During the meeting, Oliver-Davila said she felt transported to her youth when members of the public testified that she sometimes said he was racist in nature.

“It was painful. And in the heat of the moment, it made me let off steam by sending inappropriate personal texts to one of my colleagues. I unfortunately allowed myself to do what others told me to do. I did.

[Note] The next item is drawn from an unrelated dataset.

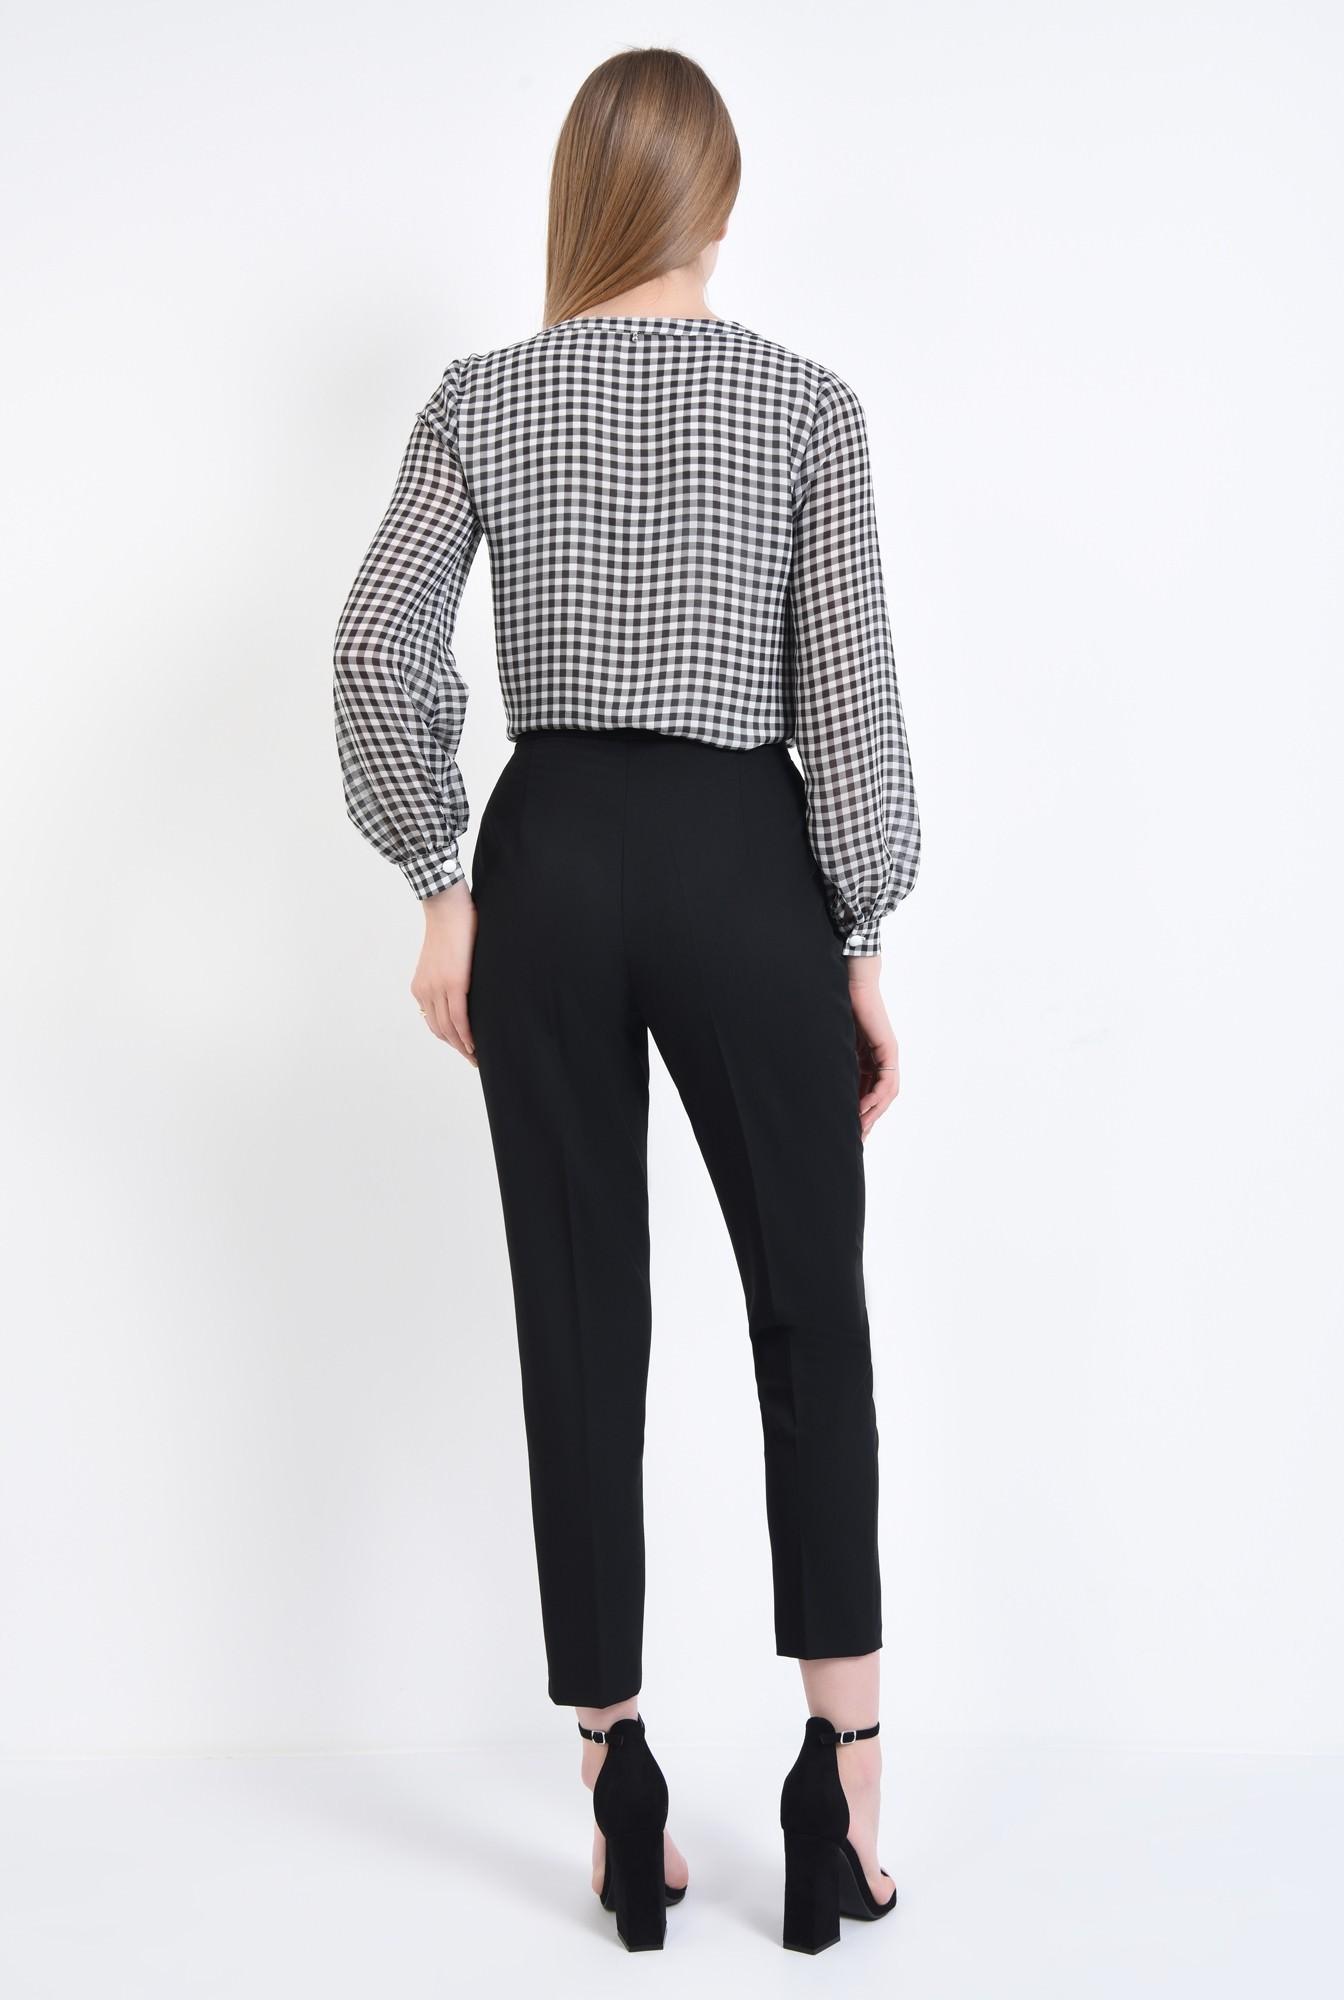 1 - Bluza casual, contrast, alb-negru

I failed my own standards, ”she said.

In her resignation letter, Rivera did not mention the texts, but wrote that she had received “emails of racist threats and personal attacks on social media” from those who opposed the changes in admission policies to examining high schools.

“I am targeted as a teacher of Latina gender studies who teaches racism, patriarchy and oppression,” she wrote. “Due to the harassment and overwhelming stress of the school committee work, my mental and physical health has deteriorated, so I have to quit and recover.”

Acting Mayor Kim Janey said in a written statement Tuesday that the texts were “hapless and unfairly disparaged members of the Boston public school community.”

But Janey went on to praise Oliver-Davila and Rivera as “dedicated stewards of the committee and passionate advocates of Boston families.”

“As women of color who advocate for racial equity in our schools, I also understand that their comments were made in the wake of unacceptable racist death threats and attacks which were frightening, offensive and painful,” wrote Janey. “Unfortunately, their departure also leaves a void in Latin leadership within our school committee which I am determined to fill.”

Oliver-Davila had faced increasing pressure to resign.

City councilor Michelle Wu, a mayoral candidate, was among those calling for her resignation.

“It is unacceptable that any of our families or communities in Boston feel devalued or treated with contempt, and it is particularly damaging that this comes from decision makers charged with defining policies that have a profound impact on our residents,”

Oliver-Davila is the second school committee chair to resign in less than a year in Boston.

Last October, former president Michael Loconto resigned after appearing to mock Asian names in a virtual meeting.

The meeting was the same meeting where Oliver-Davila and Rivera exchanged texts that led to Oliver-Davila’s resignation.

Loconto made the comments after the names of several parents who wanted to speak were read. He apologized during the meeting and then tweeted an apology.